[Collected data entries]
+++
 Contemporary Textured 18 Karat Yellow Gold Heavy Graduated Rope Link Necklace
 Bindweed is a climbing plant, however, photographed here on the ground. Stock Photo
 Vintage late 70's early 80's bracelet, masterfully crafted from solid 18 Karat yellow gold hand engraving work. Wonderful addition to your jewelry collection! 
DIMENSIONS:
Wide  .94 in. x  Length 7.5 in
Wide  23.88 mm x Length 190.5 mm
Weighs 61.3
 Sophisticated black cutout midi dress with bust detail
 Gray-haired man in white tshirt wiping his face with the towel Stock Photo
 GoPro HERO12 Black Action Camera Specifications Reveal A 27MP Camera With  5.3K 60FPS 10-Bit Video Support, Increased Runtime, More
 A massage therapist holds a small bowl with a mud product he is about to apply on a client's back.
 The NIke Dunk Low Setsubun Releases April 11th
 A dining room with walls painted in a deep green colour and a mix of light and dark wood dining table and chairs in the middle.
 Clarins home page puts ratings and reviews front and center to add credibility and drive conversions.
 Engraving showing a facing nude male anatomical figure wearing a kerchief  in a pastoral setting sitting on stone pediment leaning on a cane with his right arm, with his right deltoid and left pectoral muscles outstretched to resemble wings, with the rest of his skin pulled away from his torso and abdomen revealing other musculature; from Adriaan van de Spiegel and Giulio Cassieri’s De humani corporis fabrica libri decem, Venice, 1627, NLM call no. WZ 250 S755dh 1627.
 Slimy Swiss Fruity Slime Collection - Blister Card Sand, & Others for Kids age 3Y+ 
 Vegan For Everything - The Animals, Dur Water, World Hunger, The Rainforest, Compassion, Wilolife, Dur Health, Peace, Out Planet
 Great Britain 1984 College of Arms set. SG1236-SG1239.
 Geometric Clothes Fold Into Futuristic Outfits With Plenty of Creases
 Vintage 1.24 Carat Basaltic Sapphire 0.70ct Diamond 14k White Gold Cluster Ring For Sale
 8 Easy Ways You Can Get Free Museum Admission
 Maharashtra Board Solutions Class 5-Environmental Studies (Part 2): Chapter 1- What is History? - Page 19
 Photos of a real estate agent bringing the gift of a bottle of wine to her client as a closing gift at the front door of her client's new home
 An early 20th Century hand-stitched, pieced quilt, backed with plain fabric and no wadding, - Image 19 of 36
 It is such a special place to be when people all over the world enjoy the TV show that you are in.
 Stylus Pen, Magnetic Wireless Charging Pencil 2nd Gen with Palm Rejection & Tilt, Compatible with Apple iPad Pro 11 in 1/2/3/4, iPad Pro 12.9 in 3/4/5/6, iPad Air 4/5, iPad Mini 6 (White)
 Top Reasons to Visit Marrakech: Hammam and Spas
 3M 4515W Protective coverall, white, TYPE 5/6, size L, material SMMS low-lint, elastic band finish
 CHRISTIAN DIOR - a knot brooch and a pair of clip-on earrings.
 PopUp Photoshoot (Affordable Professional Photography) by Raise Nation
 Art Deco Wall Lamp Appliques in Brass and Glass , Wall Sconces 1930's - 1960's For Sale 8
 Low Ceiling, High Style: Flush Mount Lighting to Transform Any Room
+++
**Prompt:**
Extract all lines of the records above that include "early".

**Answer space:**
 Vintage late 70's early 80's bracelet, masterfully crafted from solid 18 Karat yellow gold hand engraving work. Wonderful addition to your jewelry collection! 
 An early 20th Century hand-stitched, pieced quilt, backed with plain fabric and no wadding, - Image 19 of 36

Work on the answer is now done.